Custom Moulding
Kiel Services on Offer.
Advice: Perhaps you are not sure if rotational moulding is the right process for your product. Call one of our friendly sales team for an obligation free advisory service.
Product Design: Kiel Industries has a design team to help you through all stages of design from concept through to finished product.
Product Moulds: Kiel Industries have their own engineering workshops to manufacture moulds for clients to suit Kiel’s unique moulding equipment.
Machinery: Kiel Industries moulding machines have been designed to suit Australian production requirements, Italian designed, Canadian built, Kiel Industries are the only company in Australia with this world class revolutionary equipment. This equipment uniquely offers economical prices for short run production needed today.

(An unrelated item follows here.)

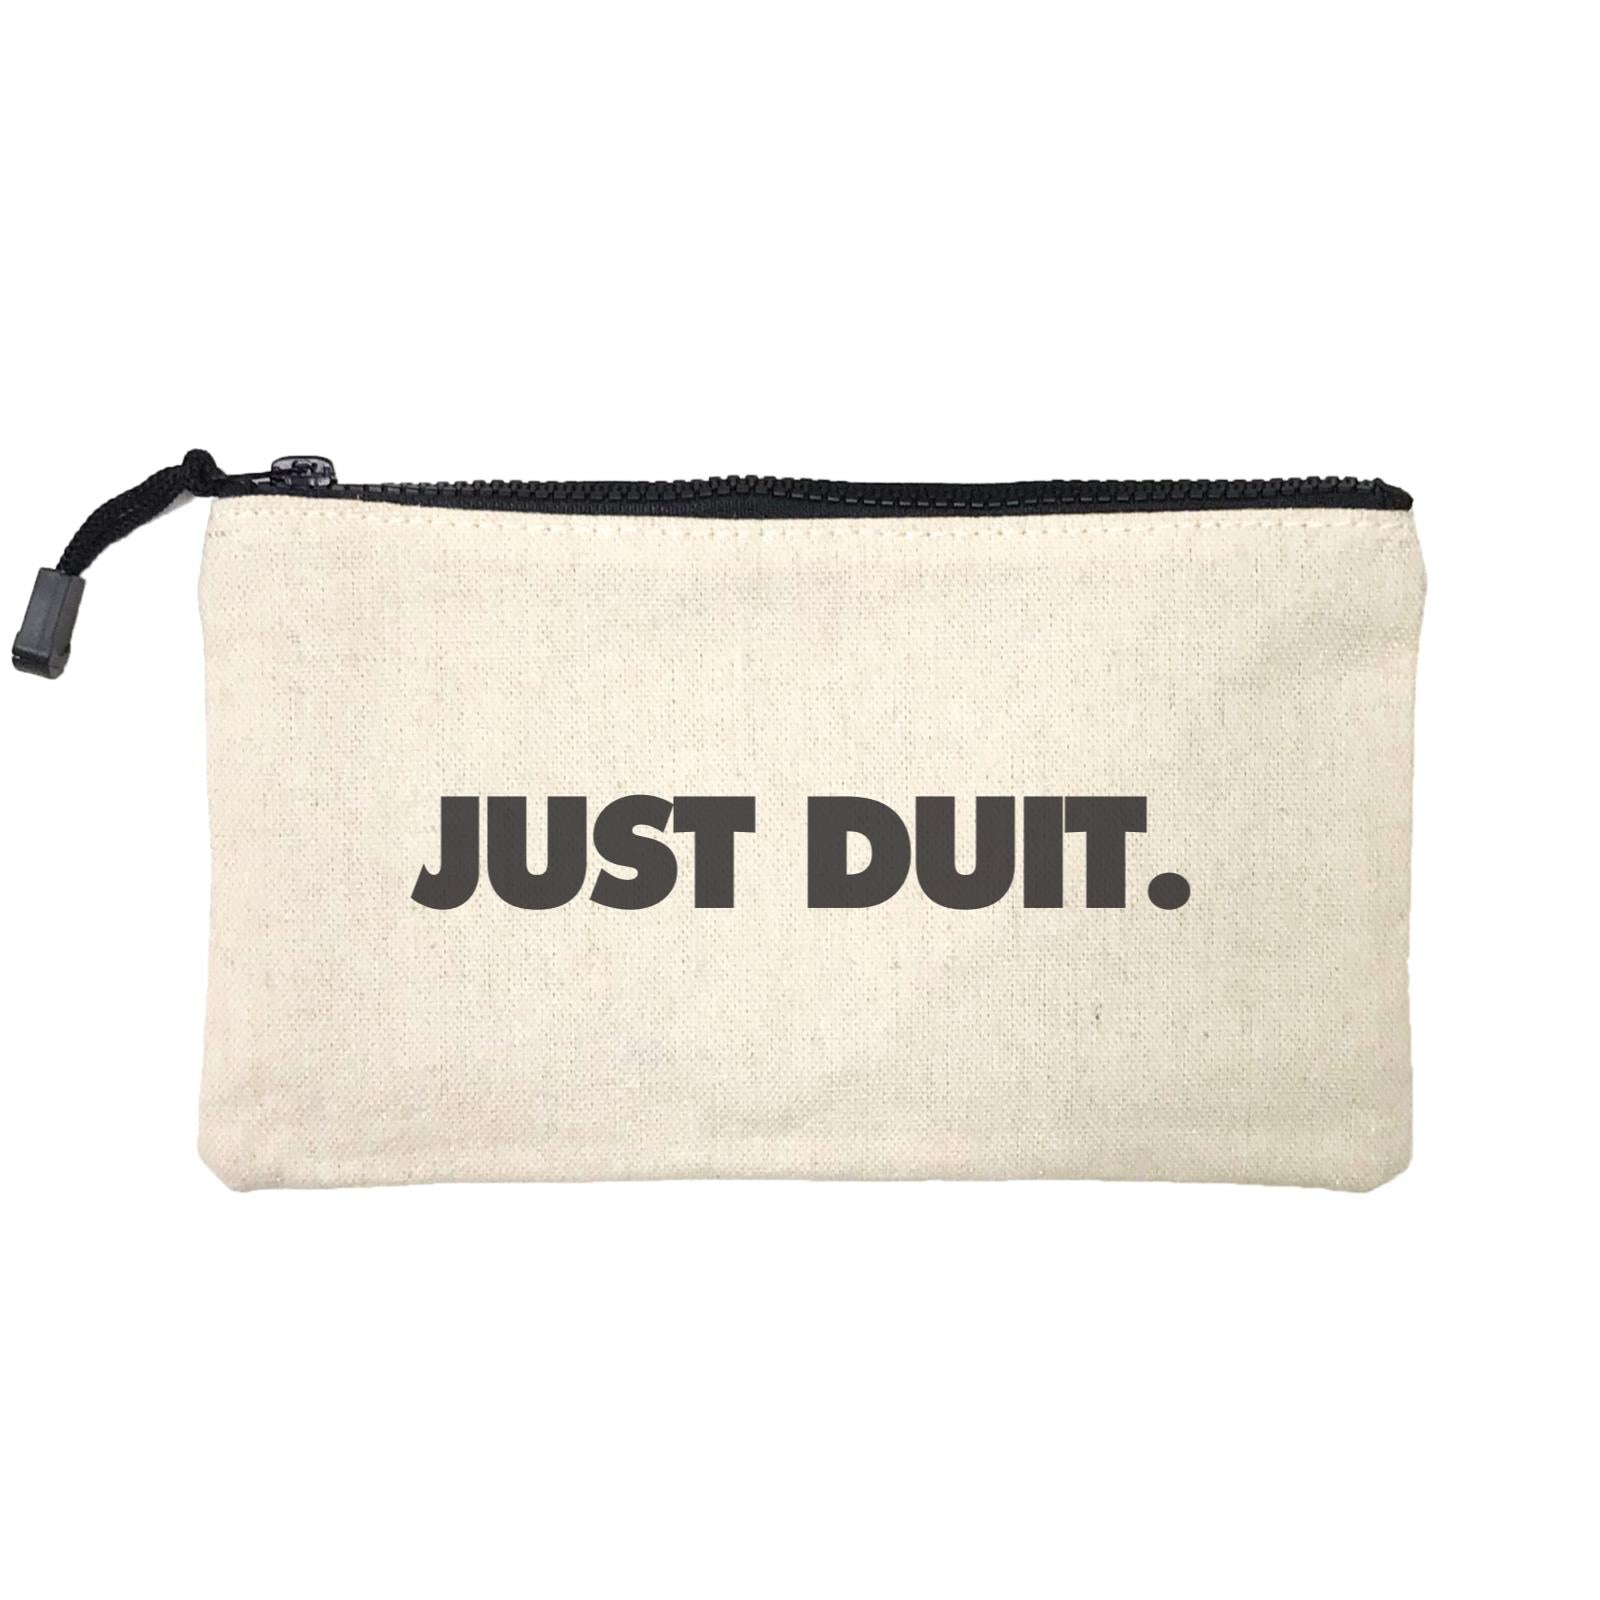 Slang Statement Just Duit SP Stationery Pouch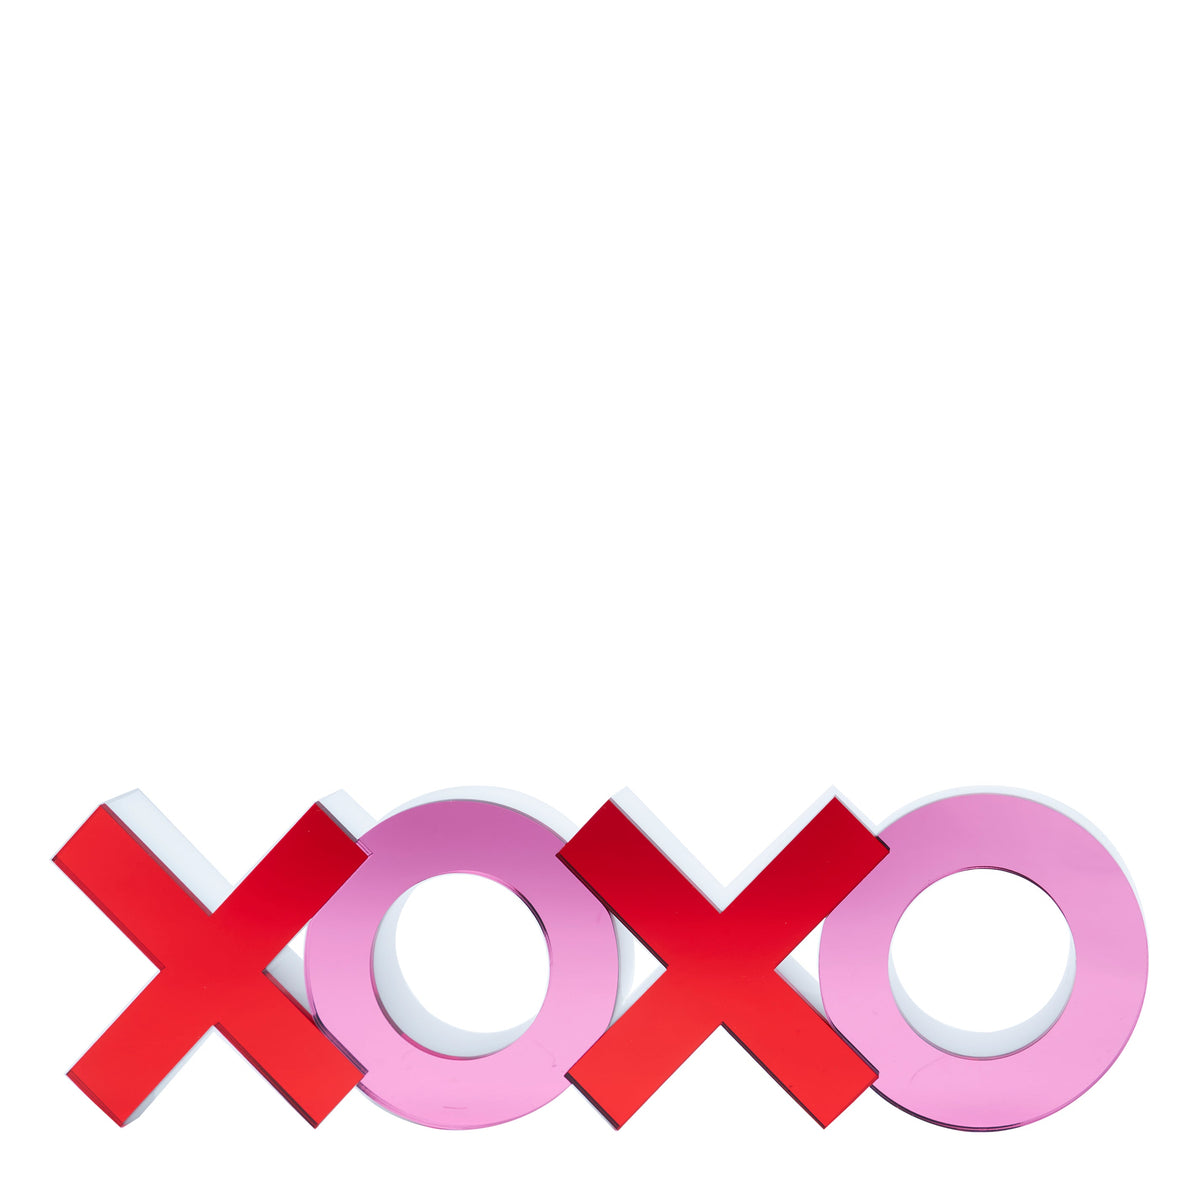 Shelf Decor Stand Alone XOXO Mirrored Red & Pink 6.5 inches length

Production: Everyone wishes that their product is successful and production volumes will be high. The facts are that Australia is still a small country compared to the rest of the world and we are still to some extent isolated. No one carries stock any more and rely on the ‘just in time’ principals. Finances and budgets do not allow for large stock holding and so weekly or monthly usage is carefully monitored. At Kiel Industries our strengths are catering for those low volume, ‘just in time’ principals. The versatility of our machinery also enables us to offer competitive pricing for the high volume rapid production requirements as well.
The Rotational Moulding Process.
Rotational Moulding makes it possible to manufacture, economically, a timeless range of sophisticated parts and products in a variety of plastics, in all complex shapes and sizes, some of which would be impossible to produce by any other moulding process.
Designers and engineers have been quick to realise its potential, particularly for applications requiring hollow parts or complex shapes. Major advances in plastics technology, and in mould construction, make the new process even more versatile and valuable, opening up new horizons.
A big factor in the growth of rotational moulding is its adaptability for short run or long- scale production.
Such is the scope of the process that it can mould products as small as a ping-pong ball weighing just a few grams, or as large as a 28,000 litre tank weighing almost 700 kilograms.
The process can be adapted to the customers need – and the designers imagination.
The potential for rotational moulding is vast. It has the versatility to create the new shapes into the future.
The Process.
The principal of rotational moulding of plastics is simple. Basically the process consists of introducing a know amount of plastic in powder, granular, or viscous liquid form into a hollow, shell-like mould. The mould is rotate and/or rocked about two principal axes at relatively low speeds as it is heated so that the plastic enclosed in the mould adheres to, and forms a monolithic layer against, the mould surface. The mould rotation continues during the cooling phase so that the plastic retains its desired shape as it solidifies. When the plastic is sufficiently rigid, the cooling and mould rotation is stoped to allow the removal of the plastic product from the mould. At this stage, the cyclic process may be repeated. The basic steps of mould changing, mould heating, mould cooling, and part ejection are shown bellow.

Advantages and Disadvantages.
The main attraction of rotational moulding are:
A hollow part can be made in one piece with no weld lines or joints.
The end product is essentially stress free.
The moulds are relatively inexpensive.
The lead time for manufacture of a mould is relatively short.
Short production runs can be economically viable.
There is no material wastage in that the full charge of material is normally consumed in making
the part.
It is possible to make multi layer products.
Different types of product can be moulded on the one machine.
Inserts are relatively easy to mould in.
High quality graphics can be moulded in.
The main disadvantages of rotational moulding are:
The manufacturing times are long.
The choice of moulding material is limited.
The material costs are relatively high due to the need of special additive packages and the fact
that the material must be ground to a fine powder.
Some geometrical features (such as ribs) are difficult to mould.